This might be a very specific problem or just ignorance from my side, but I don't seem to figure it out.
Within our organization, we have a FreeRadius Accounting system logging sessions from Wi-Fi usage. Our team is responsible for the data analysis of this accounting data.
Recently, we had to dump the Radius Accounting Database and made a freeze frame of it. While doing so we found a weird behavior.
Running the same query before and after the dump (a query that retrieves the total amount of sessions for a single day) gave a different amount. Around a difference of 5-10%.
Looking a bit deeper we discovered that several updates were being issued that altered the start time of sessions after they had been first registered in the accounting database.
We then found that previous data we collected had disparity after weeks or months even (with the discrepancy being around 2-10%).
TLDR:
Does FreeRadius adjust the start times of sessions based on some maintenance? Are WiFi controllers allowed to do this? Is it a bug?
Overal we just want to understand the rationale so we can justify the data and adjust our processing correctly, as currently, we cannot trust the values we collect daily or even weekly on these stats!

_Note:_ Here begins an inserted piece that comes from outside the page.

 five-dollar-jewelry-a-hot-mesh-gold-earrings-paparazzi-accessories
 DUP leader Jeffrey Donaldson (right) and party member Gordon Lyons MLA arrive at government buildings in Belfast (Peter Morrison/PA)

Any help or insight would be great!!!
FreeRADIUS only updates the database as a result of data in an incoming RADIUS packet, using the SQL queries in the local configuration. The only real way to understand this is to look at your SQL queries, and incoming requests (via radiusd -X
) and see what is making changes to the data. It is possible that the NAS is broken and sending invalid or changing data, or possibly re-using session IDs which overwrite existing records.
It is also possible to configure FreeRADIUS to create a "fake" accounting start entry in the database in post-auth
, which will then be updated when the real Start packet arrives. If you are doing this then you should check the values that are being written, and also if the session never starts up (or the Start is lost) then bad things might happen.
But in all circumstances the only solution you really have is to look at the debug output and see what is happening and why data is being written in the way that it is. There is nothing in FreeRADIUS that randomly updates the database without being sent that data from the NAS.